Yoga Farm, Oleiros, Portugal

One donkey, one rooster, one dog, two goats, two teachers, three cats, three hens, apples, peaches, pears, figs, yoga, sun, forest, a whole lotta brown rice and even more love. That's been my home for about the last two weeks.

The Ashtang-Vinyasa Yoga retreat I found rests in central Portugal, in a sleepy village about 15 km from Oleiros. The setting is peaceful and the ambient hippy. The property overlooks a deep valley of farmlands and cork oak, pine and eucalyptus forests. Organically grown fruit trees and garden veggies dot the grounds. The retreat just opened this year, and they seem to be doing really well, as people from all over Europe end up there just by virtue of their web site:

I tend to think of the last couple weeks as my stay on the yoga farm, as the setting is definitely farmlike, with animals and fruits and veggies growing everywhere. Willow, the gentle pranayama honking donkey, whoops out the most hilarious noises I have ever heard. Donkeys apparently are one of the few animals that make noise on inhalation and exhalation. I still can't stop myself from laughing every time he busts out into his tonkey song. Trying to stay focused and unsmiling during savasana when he starts up, is a feat in itself. The two brother and sister goats love to gnaw chairs and eat napkins. The male goat has nads as big as his head and the testosterone they produce reeks cheesily. He actually smells like goat cheese. The rooster and hens peck around the compost daily and the adult cats keep pretty much to themselves. The kitten with a deviated tail, Annie, climbs anything she can stick her claws into. Queenie, the dog, was rescued from the nearby village people who were about to kill her. Supposedly she'd been in a rage with fits of biting. She still limps due to a broken hip, which healed out of socket (and which happened before she was adopted). You wouldn't believe she ever had a mean streak by the way she coos for love and rolls over on her back to give you better access to rubbing her belly.

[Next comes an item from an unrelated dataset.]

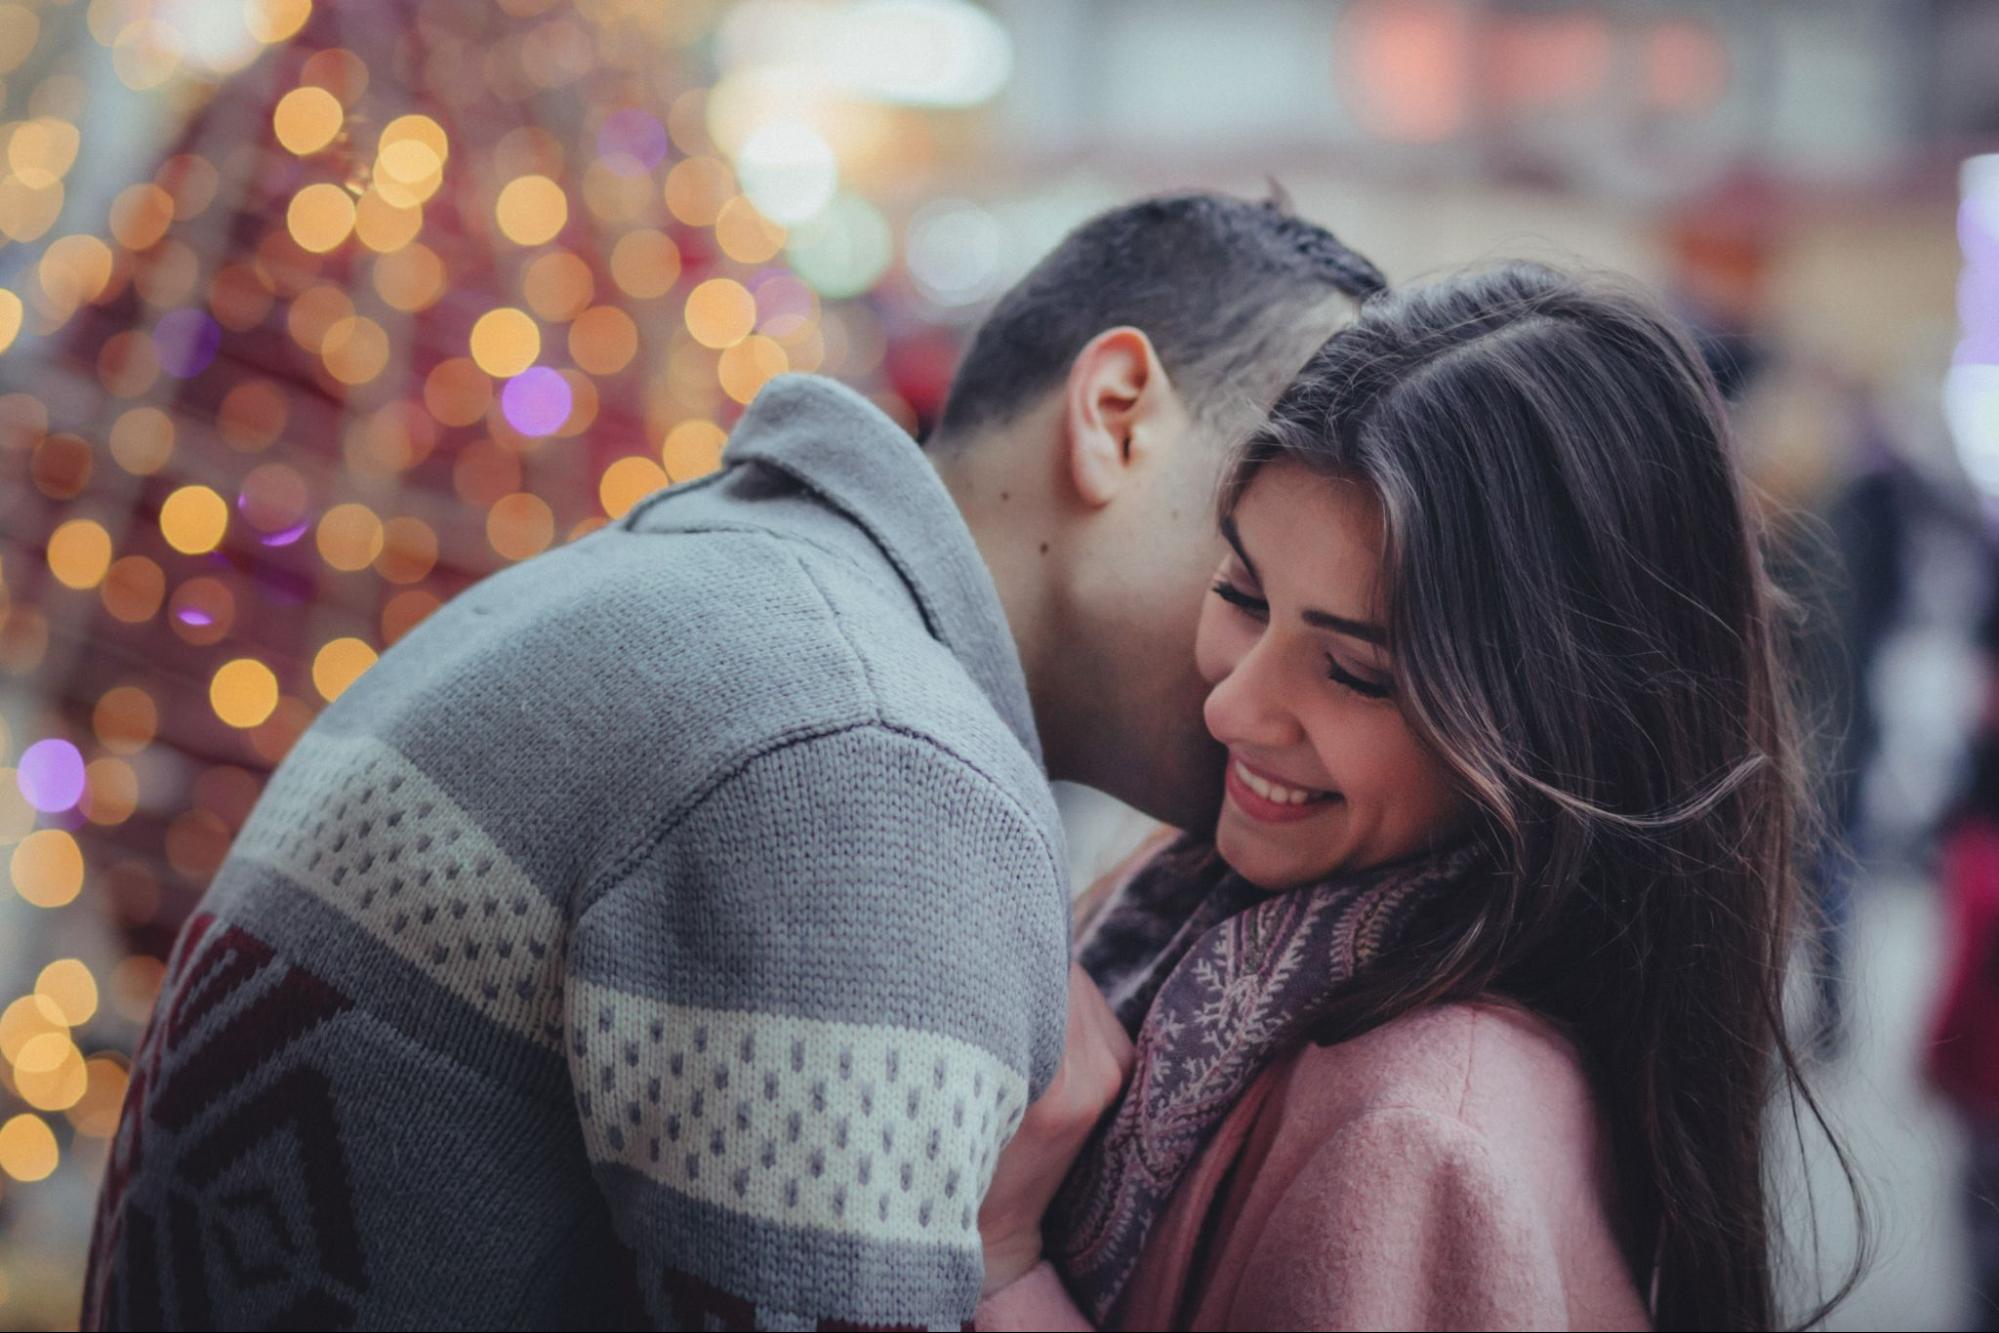 A couple celebrates their anniversary with a public kiss during wintertime.

Days start at 8 a.m. with Sue's dynamic yoga practice. She teaches in the form of workshops, delving more into the spiritual side of yoga. Each day focuses on a different element of the practice: earth, wind, fire and water. These sessions also give more time in certain postures (along with suggestions on how to correct them) to ensure the body is properly grounded and aligned, allowing us to come into our postures with more integrity. Breakfast and tea follow around 10 a.m. and we have free time to sleep, sunbathe, sway in a hammock or read from their cool library until lunch at about 2 p.m.

After lunch, it's back to the hammock or for a walk on one of the several fireroad trails that stem off the property. Sometimes we go to Rio Zezere, about a 10-minute's drive away, to swim and watch the local fisherman watching us. Evening yoga at 6 p.m. is the full Ashtanga practice with Peter. I'd never done Ashtanga before, so it's interesting to practice a different kind of yoga. It's quite a strong class, but he constantly reminds us to listen to our bodies, be patient and ease off. Build good associations in the body and not bad ones: Don't over-force your poses or let pain or tension creep into the practice; breathe. A yummy (macrobiotic) dinner follows shortly after our night practice. We sit around the table and chat. Since I am here mostly on trade, I do a whole lotta dishes during the day as well. It's kind of like cleaning up after a small Thanksgiving, every day, twice a day.

After meeting lots of other people who have been practicing yoga all over the world, it makes me feel more even thankful for my yoga beginnings than I already felt. Luckily, I have a great yoga prof, Susana, in Puerto Natales, who has always focused on the spiritual side of yoga, and not just taught it as some exercise you do at the gym. She has always encouraged us to be present and tried to make sure we do what we can while maintaining proper form, that we don't compare ourselves with our peers (or even with ourselves on previous days). Apparently it is not the norm to teach yoga holistically, as a way of life. And it is a whole lot more common to egofy the practice, turning it into an exercise or flexibility competition. Which it is not. Anyway, my yoga farm days rekindled my yoga, energized and relaxed me just in time to meet up with Serkan again in Istanbul.